After being caught in the middle of this Winchester fiasco, can anyone tell me what American manufacturers still make a nice 357 Mag rifle (lever action) that is 30" to 34" overall length like the Winchester Trapper


----------



## TN.Frank (Nov 12, 2005)

Winchester, Marlin and that's about it for modern guns. Grizzley L.A.R. IIRC did make a pump rifle in .357 Mag. but that was a few years ago and they're not made anymore. I think H&R had a single shot barrel for their "handi-rifle" but I'm not sure if it's still made or not also Savage did, at one time, chamber their 24F in .357Mag over 20ga. I also think that Uberti makes a Winchester '73 and '92 clone in .357 Mag too. With the right bullet in an accurate rifle the .357Mag is a good little deer rifle out to 100 yrds or so but not much further. 
Good luck in finding a rifle. :beer:


----------



## Remington 7400 (Dec 14, 2005)

Marlin 1894 
Henry (.44 mag for sure, but I think they offer .357)
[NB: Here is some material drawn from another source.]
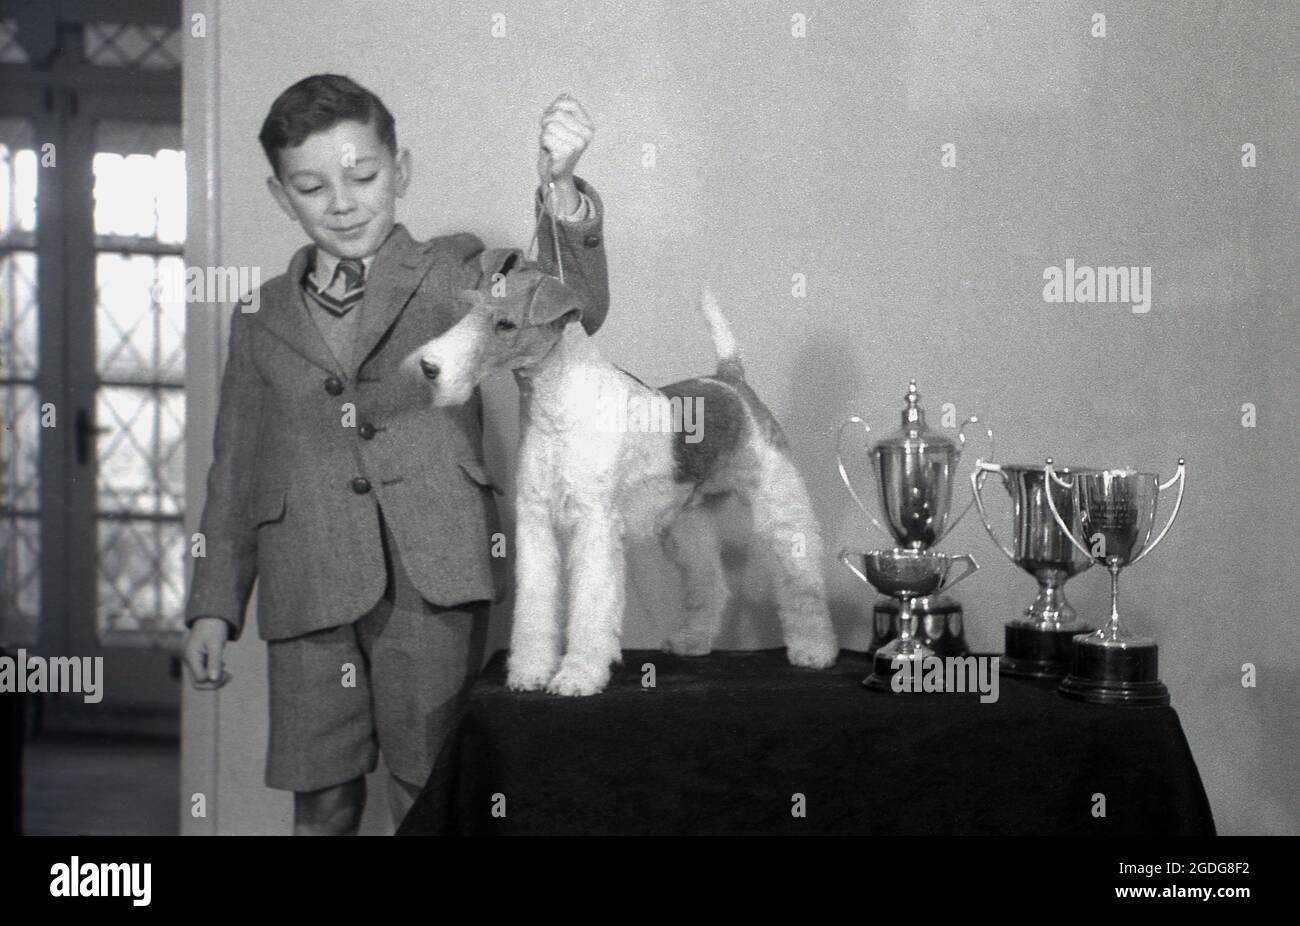 1955, historical, a young boy in his school unform proudly showing off his prize winning dog, a wire fox terrier, who is standing on a small table next to the several trophies he has won at dog shows, England, UK. Wth its distinctive looks, its wiry coat and expressive features, the Wire has been historically a successful show dog and a popular presence in films and television. In England, since the 1870s, Wire and Smooth Fox Terriers have been recognised as separate breeds, unlike the USA, when they were not recognised as distinct breeds until 1985. Stock Photo

Not much choice in the market. I'd go with the marlin.


----------



## fastrax (Jan 31, 2006)

Thanks guys.....My wife's second choice was the Marlin, since it is 3" longer. She wanted the smaller rifle. I guess she'll have to be happy with her second choice.


----------



## TN.Frank (Nov 12, 2005)

I thought Marlin made a .357 Mag lever gun with an 18" barrel, that'd only be about 2" more. I'm sure there's plently of Win.Trappers out there, just check the gun shows and I bet you'll come up with one. :wink:


----------



## Bore.224 (Mar 23, 2005)

Rossi make a .357 lever gun as well, dont know how good they shoot?


----------



## Cleankill47 (Jan 19, 2006)

Guys, Henry Repeating Arms just released a new .357 Magnum lever action rifle this month. The customer service department (sometimes answered by the president of the company himself) can be reached by email at: [email protected]

By the way, the entire company is based in Brooklyn, NY, they don't send anything out to be worked on; which is one of the things making it an all-American company.

Just thought I'd pass it on.


----------



## Gohon (Feb 14, 2005)

I have the Marlin 1894C 357 mag and it has a 18 inch barrel. With a Bushnell Trophy red dot scope it is becoming one of my most fun guns to shoot and reload for.


----------